> WHAT IS NEEDED
First find the line with "Sunnyside Hospital /", then reproduce it and all following lines of the data to the end, exactly and with no pictures, adding nothing.

> INFORMATION PROVIDED
══════════════════════════════

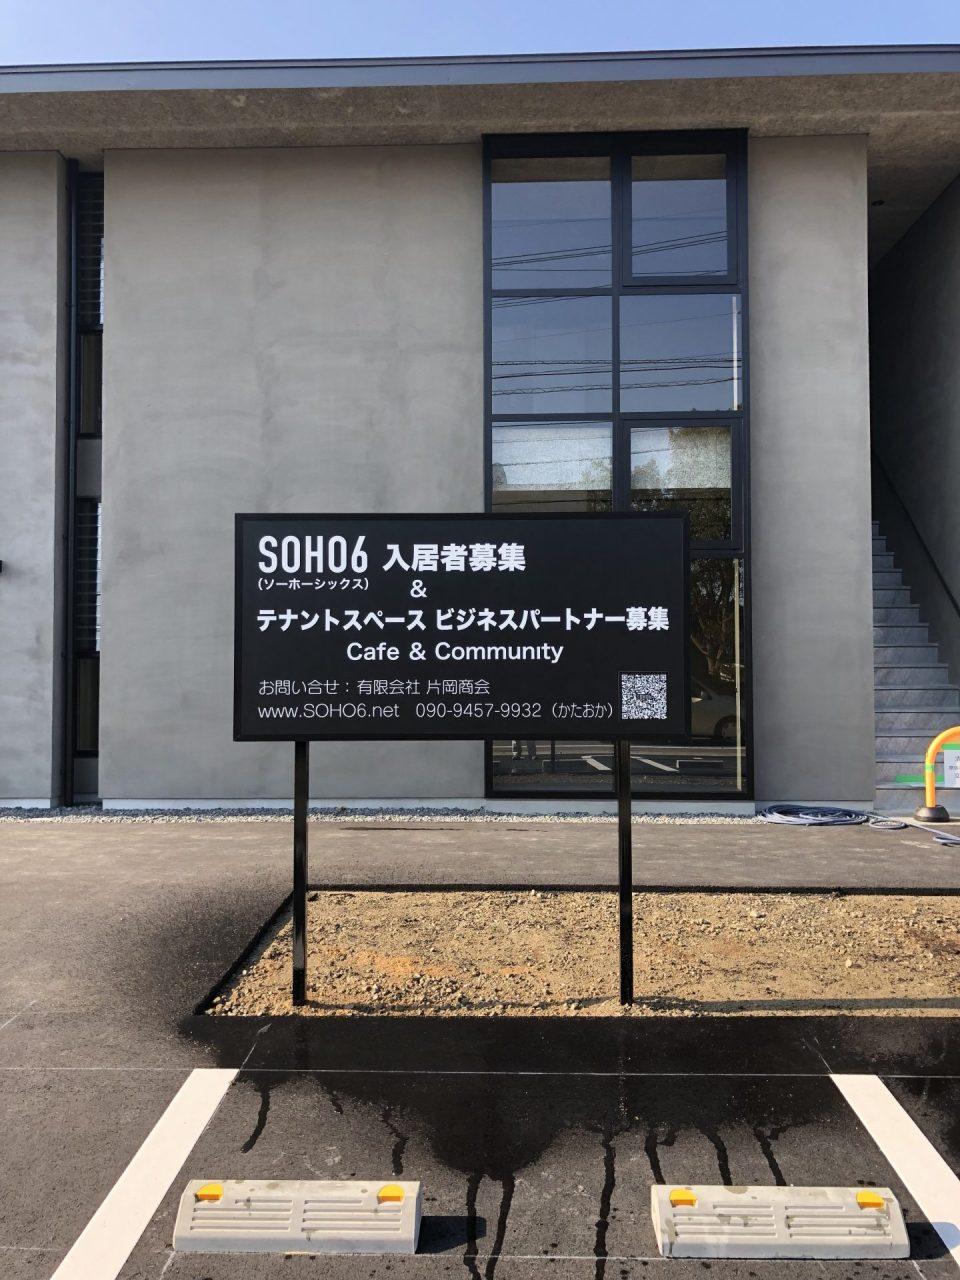 #Apartment/SOHO6
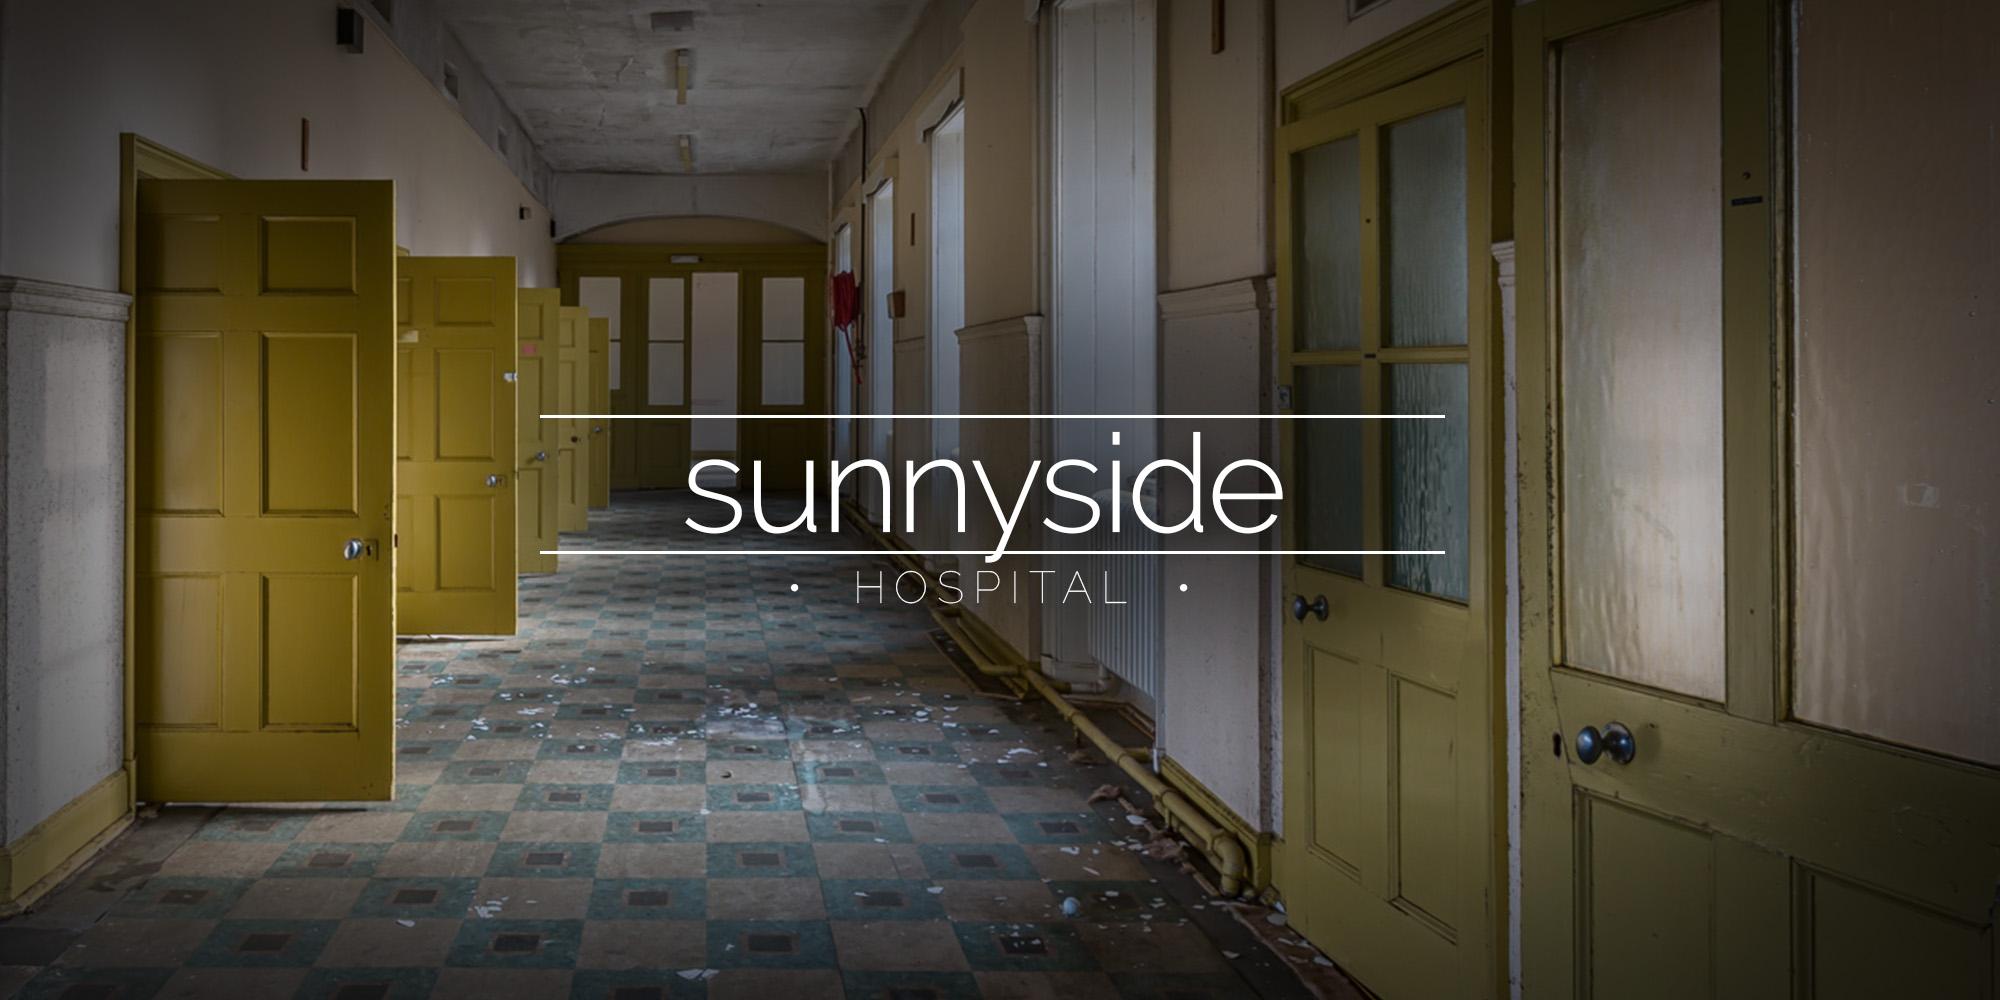 Sunnyside Hospital / Montrose Asylum, Hillside, Scotland
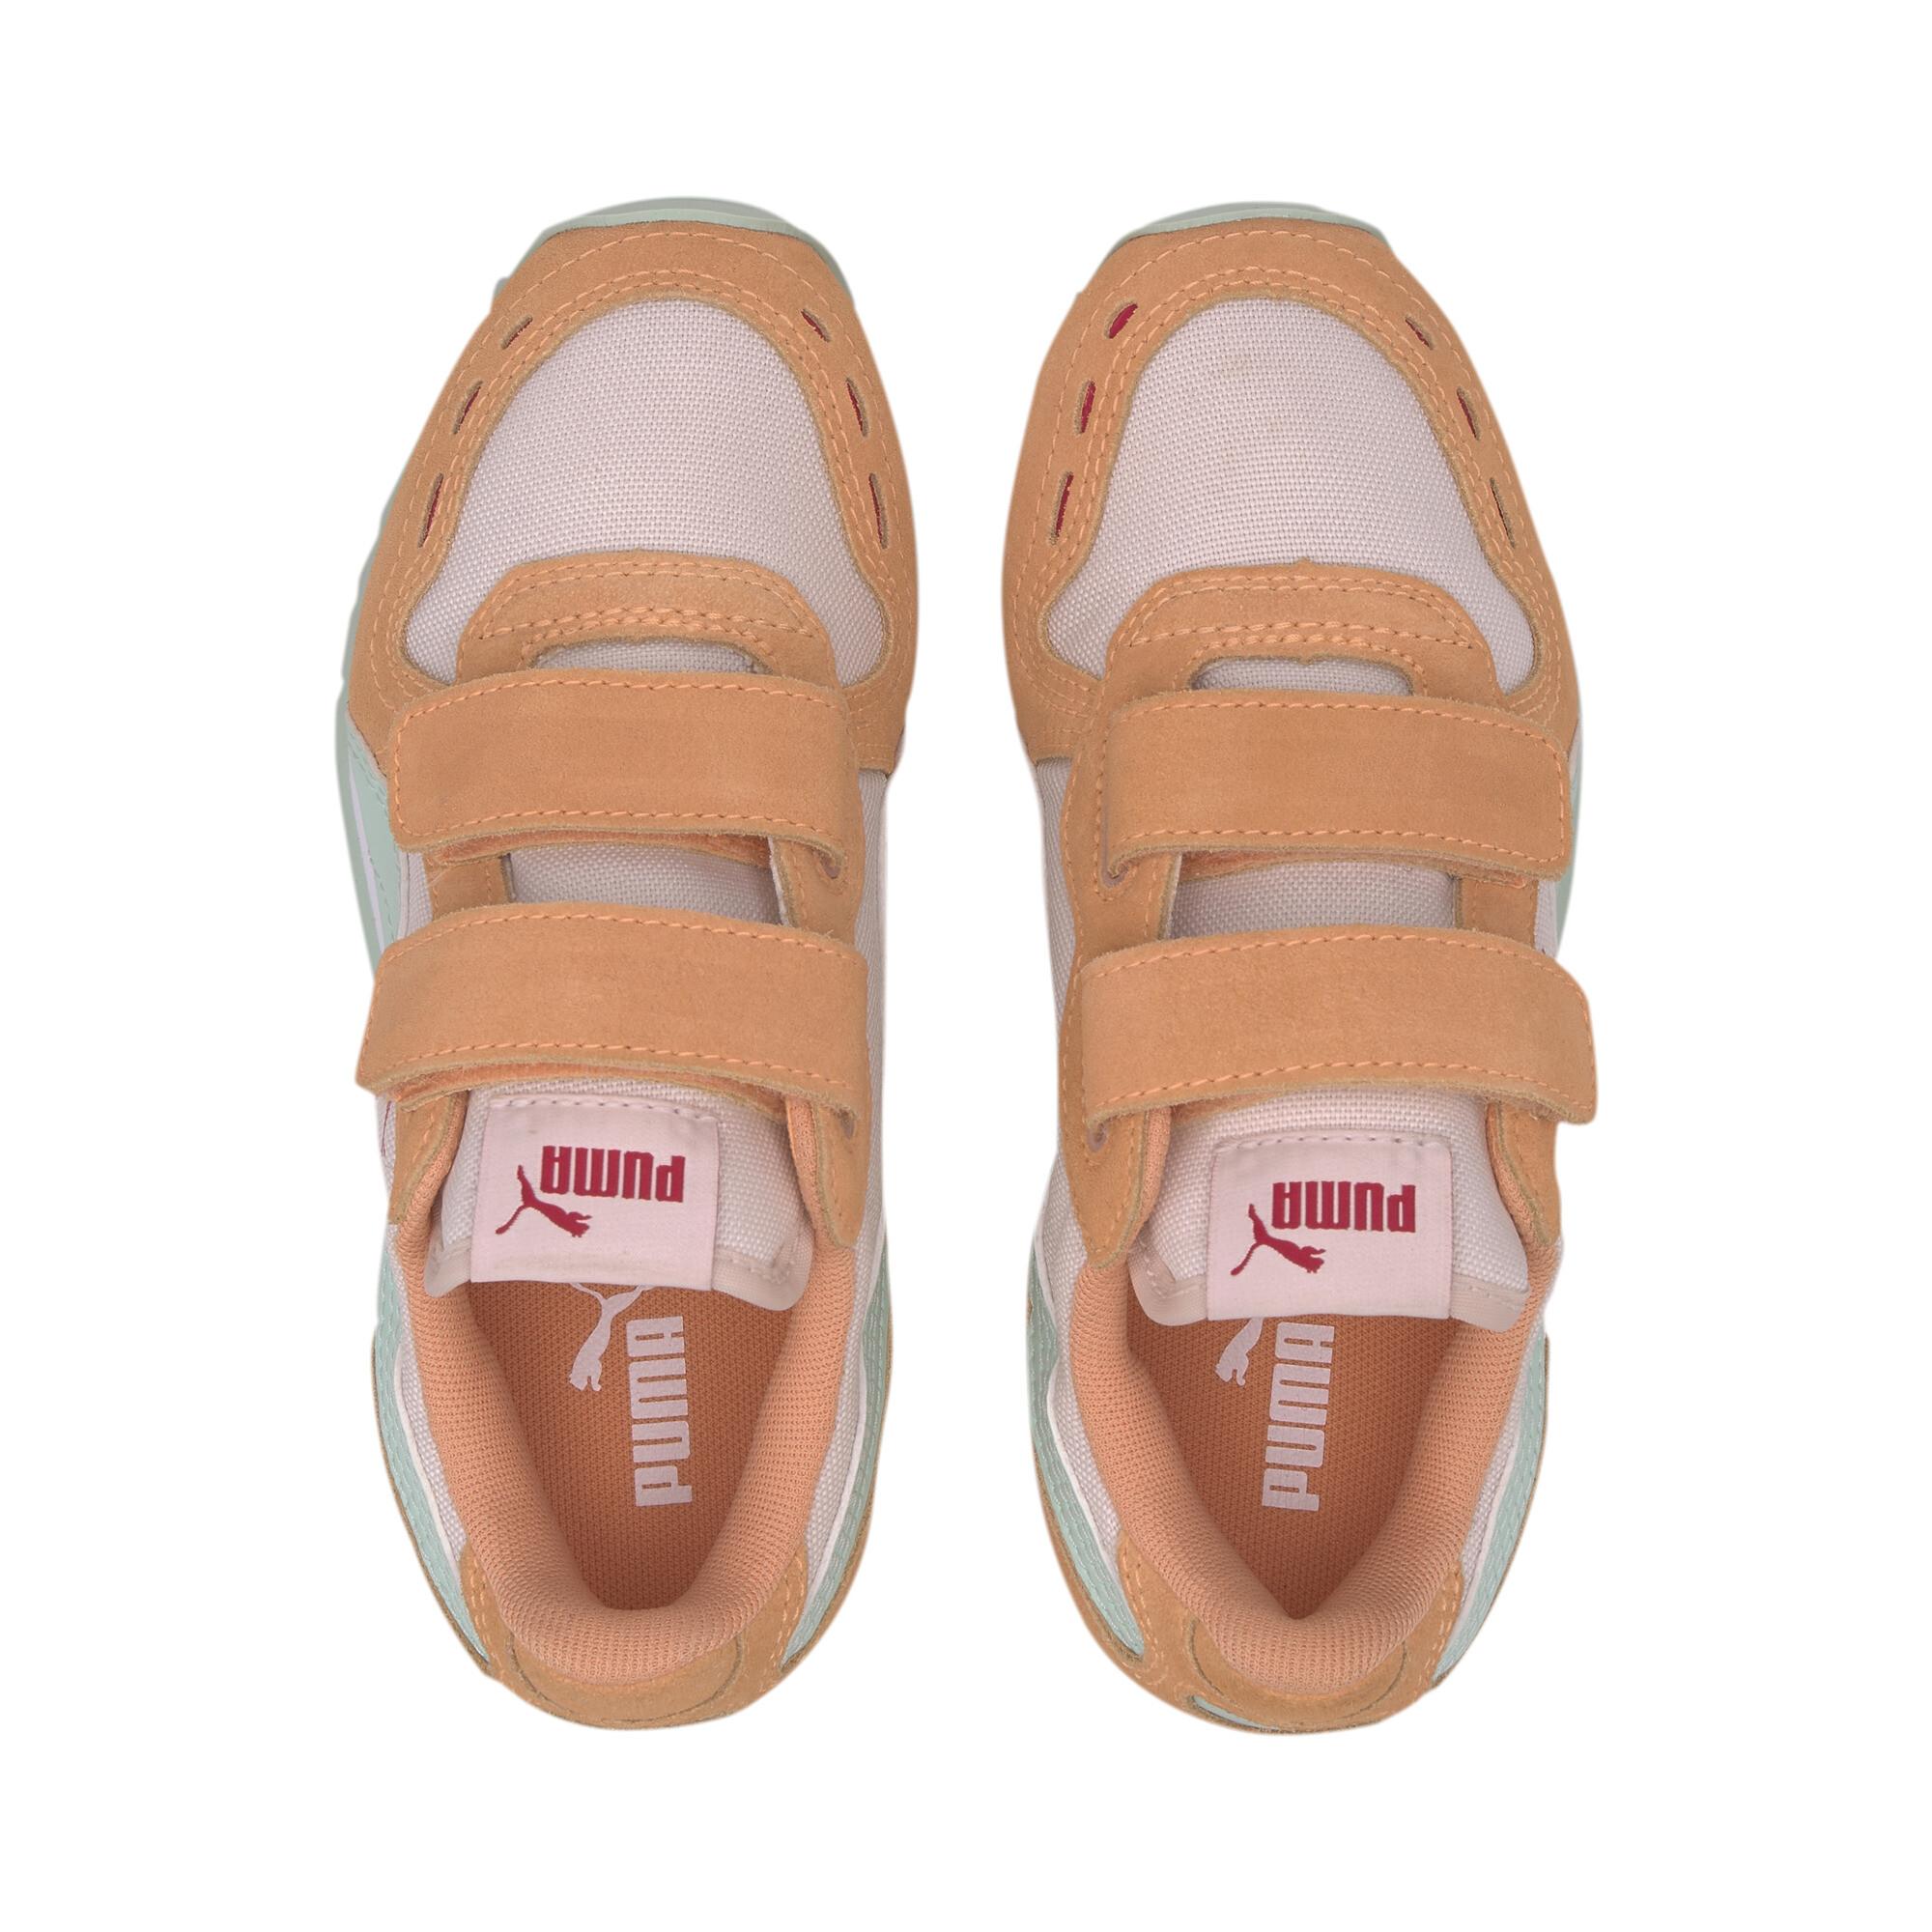 PUMA-Cabana-Racer-Little-Kids-039-Shoes-Kids-Shoe-Kids thumbnail 24

══════════════════════════════

> TASK OUTPUT
 Sunnyside Hospital / Montrose Asylum, Hillside, Scotland
 PUMA-Cabana-Racer-Little-Kids-039-Shoes-Kids-Shoe-Kids thumbnail 24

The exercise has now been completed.